Después de cuatro hijos, entre los 11 y los 25 años, y con 39 años de edad, Suly García se quiso dar una segunda oportunidad de vida en pareja. No podía imaginar que ese deseo supondría un parto triple del cual solo se salvaría una de las niñas. Lo haría al costo de un número importante de enfermedades congénitas, que incluirían problemas con sus pulmones y su pequeño corazón. Juangely, que es el nombre de la pequeña, a quien su madre considera un milagro, es la paciente que viene de más lejos en el J.M. de los Ríos: el Alto Carinagua, en Amazonas.
Julio Materano
Fotos: Azalia Licon
A los 39 años de edad, cuando algunas mujeres sienten eclipsar su juventud, Suly García quiso darse una segunda oportunidad junto a Juan de Dios Bravo, un hombre cinco años menor que ella, que deseaba acompañarla en todas sus aspiraciones. Con cuatro hijos que entonces transitaban los 11, 16, 20 y 25 años, y una existencia que lucía resuelta, el afán de ella por rehacer su vida parecía una terquedad.
La oportunidad que pretendía la sorprendió teniendo tres meses de embarazo. No solo se convertiría en madre de una, sino de tres niñas. Pero el azar, quizá el destino, quebrantó sus planes. Una cardiopatía congénita crónica puso la existencia de sus niñas en cuenta regresiva mucho antes de nacer. Sus trillizas llegaron al mundo con el corazón deshecho, incompleto, con un remedo del músculo cardíaco.
—Tuve tres amenazas de aborto —resuella Suly con su hablar acompasado—, y los médicos jamás me advirtieron de su enfermedad. Quise tenerlas y lo asumí cuando supe que era un embarazo múltiple.
Trajo, sin pretenderlo exactamente así, a dos gemelas de 500 gramos cada una, más otra niña formada en un rincón distinto de su vientre, de 1 kilo 900 gramos. Las dos criaturas que compartían la misma placenta fallecieron, en partos diferentes, con una semana de diferencia. Sus corazones, abreviados, se detuvieron antes del primer sorbo de teta. La primera murió y nació la semana 27 de su gestación. Sí, porque todo ocurrió en ese orden. Era un parto anticipado y venía con su propia sentencia de muerte; la sangre dejó de irrigarse por su cuerpo.
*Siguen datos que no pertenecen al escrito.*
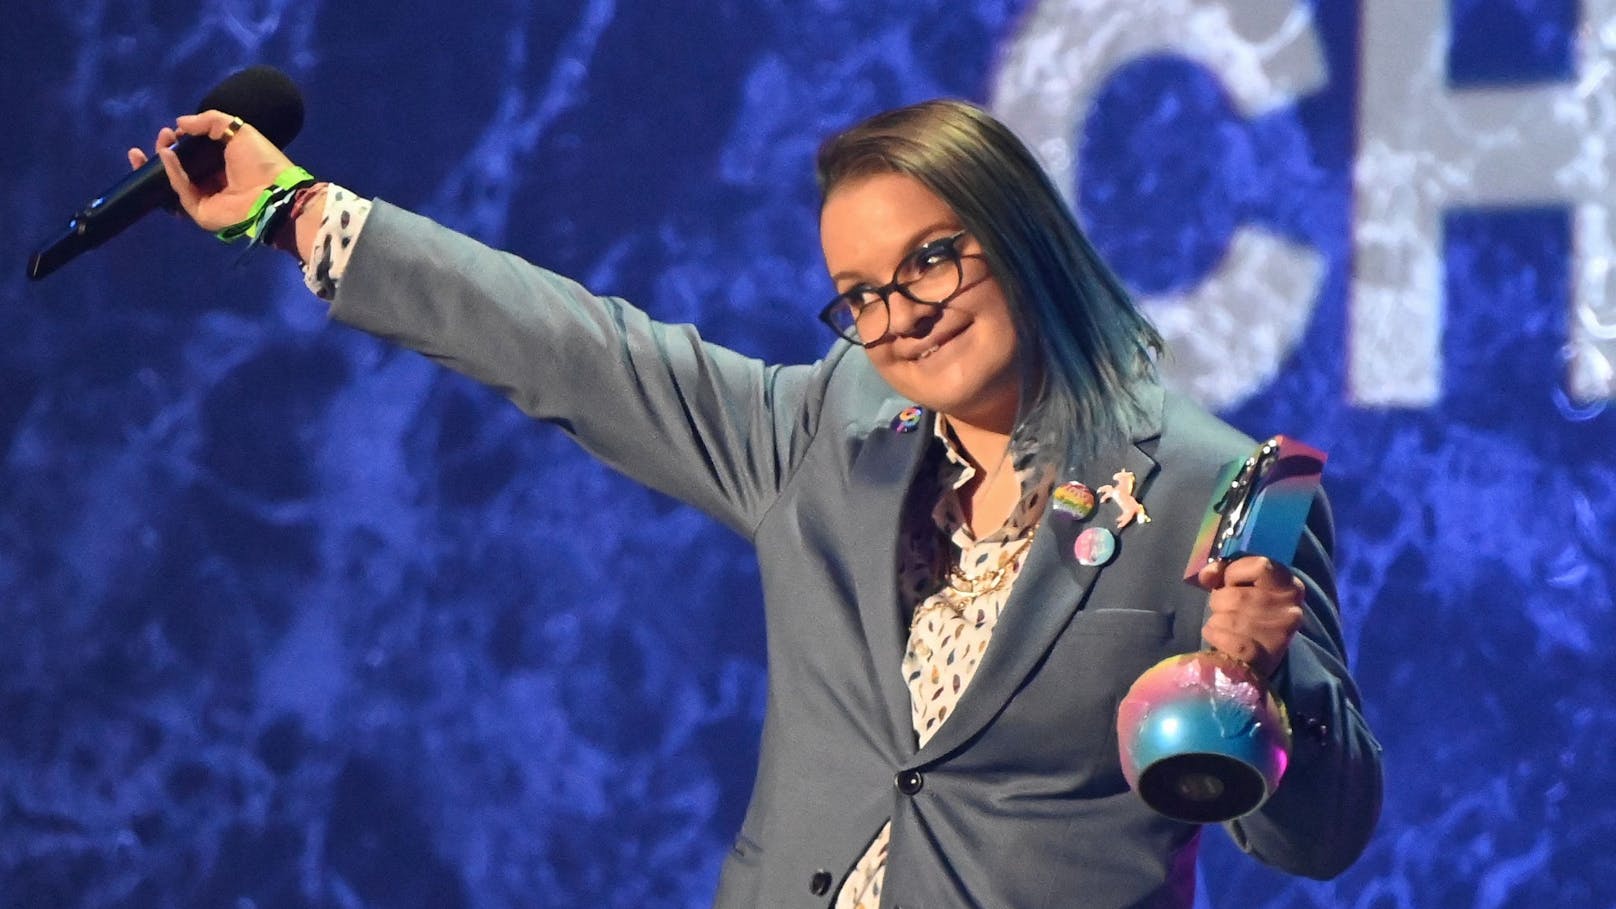 Zeichen für Toleranz gegenüber nicht-heterosexuellen Menschen: Viktoria Radvanyi erhält während des MTV Europe Music Awards den Preis "Generation Change".

La siguiente sucumbió el mismo día en el cual insinuó su venida, pero en la semana 28. Apenas duró unas horas. La historia se repetía en el Hospital Doctor José Gregorio Hernández, en Puerto Ayacucho, porque Suly Yesenia García es una mujer de las cercanías de Alto Carinagua, una población próxima a la capital de Amazonas.
Solo una de sus hijas, la recibida el 17 de marzo de 2014, en lo que sería su tercer parto en poco más de un mes, pudo escurrirse de los brazos de la muerte, con 32 semanas de gestación. Aquel alumbramiento, a diferencia de los otros, fue atendido en la Clínica Venancio Camico, también de Puerto Ayacucho. Y desde entonces, los días de Suly han estado circundados por la condición de su niña, un diagnóstico que no expiró con la muerte de las otras dos.
Aunque en apariencia era solo una barriga, un solo sagrario de carne —como entienden algunas madres la tarea de concebir—, aquel embarazo, su oportunidad para edificar un nuevo hogar, resultó más bien un vendaval.
Solo 15 días después de su nacimiento, Juangely Alexandra fue referida al Cardiológico Infantil Gilberto Rodríguez Ochoa, en Caracas, donde inició la brega por su vida, como su madre encara desde entonces la tarea de visitar hospitales para practicarle exámenes, conseguir un antibiótico o anotarse para una consulta.
Juangely convive con 11 diagnósticos médicos, 11 enfermedades desmedidas, difíciles de mantener a raya, algunas con nombres difíciles de pronunciar. Tiene síndrome de Down, ventrículo único, un canal AB con comunicación interventricular pulmonar derecho y una cardiopatía cianógena compleja. Vive con una asfixia prolongada. Las cavidades de su corazón no se formaron, parece un túnel. Todo un cuadro azuzado por su retardo psicomotor.
El diagnóstico clínico lo completan la hiperuricosuria renal, que no es más que la eliminación exagerada de ácido úrico en la orina. También tiene problemas para alimentarse, devuelve la comida por la nariz, sufre de hipotiroidismo, de desnutrición severa, no genera anticuerpos y tiene problemas de plaquetas. Depende, en sus momentos de fatiga, de dos bombonas de oxígeno, que Suly debe recargar por lo menos dos veces por semana para que su hija pueda respirar. Los cilindros, que le fueron donados, son como pulmones portátiles, con una capacidad de 200 libras cada uno.
A sus 44 años, Suly carga pues con la severidad de lo que significa ser mamá de una niña con un corazón truncado. Ciertamente, hace rato que se estrenó en el papel de madre porque su primer hijo lo parió a los 17 años, pero se volvieron más profusas las exigencias. Es madre en Caracas, a 710 kilómetros de su casa, lejos de su familia. Ligada a la rutina de un caserío de caminos de tierra amarilla —de no más de 160 familias—, cercano a una comunidad piaroa en Amazonas, ha tenido que acostumbrarse a los desaires de la capital, donde el acceso a la salud es un ejercicio de resistencia.
Lleva años ejerciendo su rol de esa forma: desguarnecida, privada de aquella vida, de aquel hogar que aún no ha podido ser.
—Juan de Dios y yo tenemos nueve años juntos y tres de casados. Cuando quedé embarazada teníamos cuatro años de convivencia. Formalizamos nuestra unión un año después del nacimiento de Juangely. Fue un cambio para bien. Juan de Dios es ahora más preocupado, más sensible. Pero hay días en los que, no lo niego, me siento sola. Siempre consigo quien me eche una mano en el Hospital J.M. de los Ríos. Las mamás de los otros niños son mis compañeras y he aprendido a contenerme. Mi hija no es una carga, sino un aprendizaje, una razón para vivir.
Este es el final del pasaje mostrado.